SetCCResultValue SetCCResultContents;
+
+ /// UseUnderscoreSetJmpLongJmp - This target prefers to use _setjmp and
+ /// _longjmp to implement llvm.setjmp/llvm.longjmp. Defaults to false.
+ bool UseUnderscoreSetJmpLongJmp;
/// RegClassForVT - This indicates the default register class to use for
/// each ValueType the target supports natively.
std::vector<std::pair<MVT::ValueType,
TargetRegisterClass*> > AvailableRegClasses;
+
+protected:
+ /// When lowering %llvm.memset this field specifies the maximum number of
+ /// store operations that may be substituted for the call to memset. Targets
+ /// must set this value based on the cost threshold for that target. Targets
+ /// should assume that the memset will be done using as many of the largest
+ /// store operations first, followed by smaller ones, if necessary, per
+ /// alignment restrictions. For example, storing 9 bytes on a 32-bit machine
+ /// with 16-bit alignment would result in four 2-byte stores and one 1-byte
+ /// store. This only applies to setting a constant array of a constant size.
+ /// @brief Specify maximum number of store instructions per memset call.
+ unsigned maxStoresPerMemSet;
+
+ /// When lowering %llvm.memcpy this field specifies the maximum number of
+ /// store operations that may be substituted for a call to memcpy. Targets
+ /// must set this value based on the cost threshold for that target. Targets
+ /// should assume that the memcpy will be done using as many of the largest
+ /// store operations first, followed by smaller ones, if necessary, per
+ /// alignment restrictions. For example, storing 7 bytes on a 32-bit machine
+ /// with 32-bit alignment would result in one 4-byte store, a one 2-byte store
+ /// and one 1-byte store. This only applies to copying a constant array of
+ /// constant size.
+ /// @brief Specify maximum bytes of store instructions per memcpy call.
+ unsigned maxStoresPerMemCpy;
+
+ /// When lowering %llvm.memmove this field specifies the maximum number of
+ /// store instructions that may be substituted for a call to memmove. Targets
+ /// must set this value based on the cost threshold for that target. Targets
+ /// should assume that the memmove will be done using as many of the largest
+ /// store operations first, followed by smaller ones, if necessary, per
+ /// alignment restrictions. For example, moving 9 bytes on a 32-bit machine
+ /// with 8-bit alignment would result in nine 1-byte stores.
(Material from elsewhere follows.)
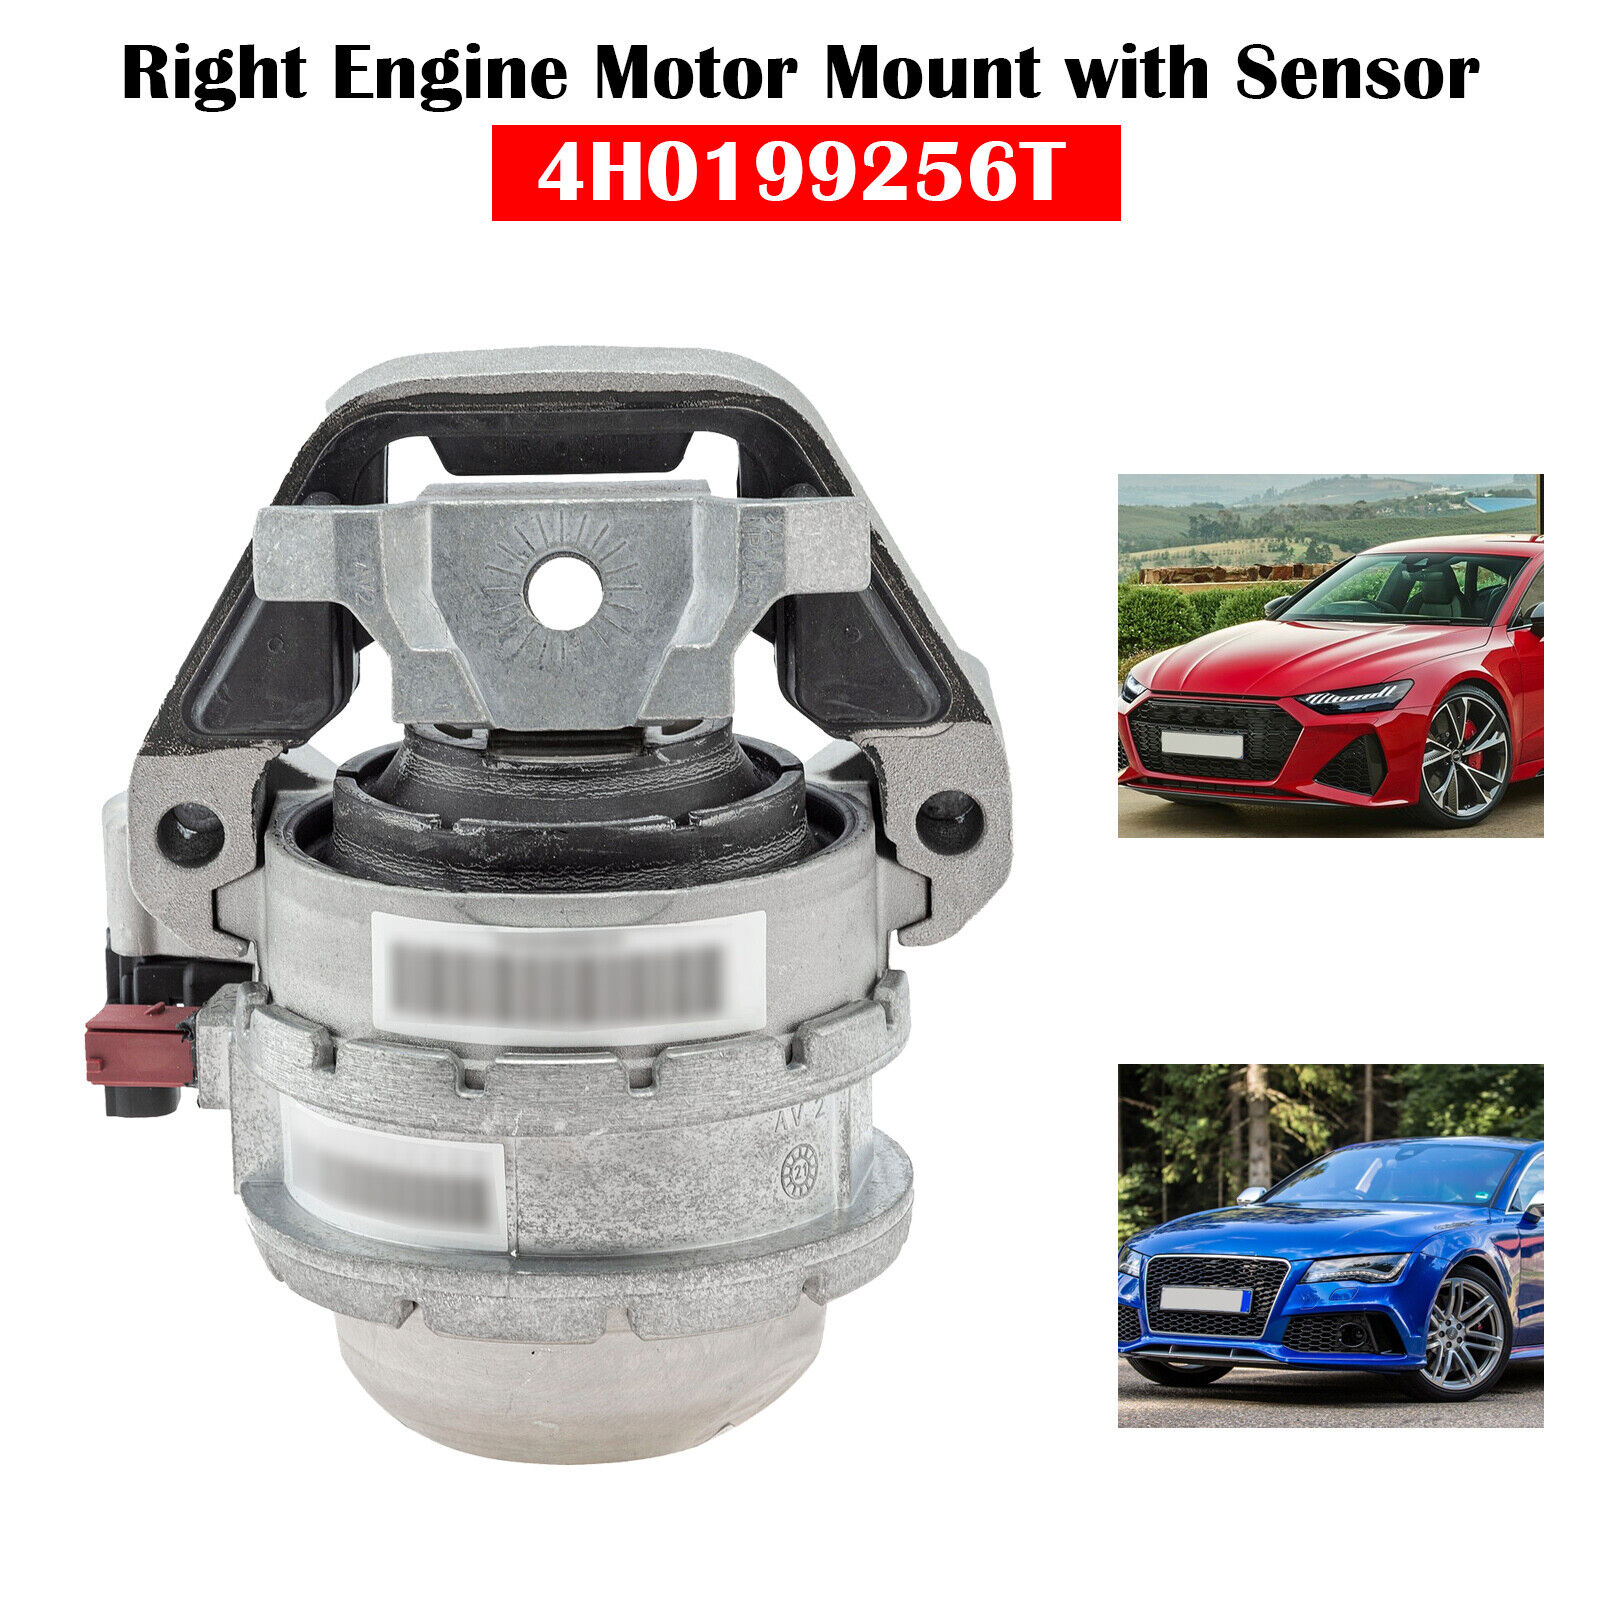 Right Engine Motor Mount With Sensor 4H0199256T Fit For Audi S6 RS6 S7 RS7 4.0L

This only
+ /// applies to copying a constant array of constant size.
+ /// @brief Specify maximum bytes of store instructions per memmove call.
+ unsigned maxStoresPerMemMove;
+
+ /// This field specifies whether the target machine permits unaligned memory
+ /// accesses. This is used, for example, to determine the size of store
+ /// operations when copying small arrays and other similar tasks.
+ /// @brief Indicate whether the target permits unaligned memory accesses.
+ bool allowUnalignedMemoryAccesses;
};
} // end llvm namespace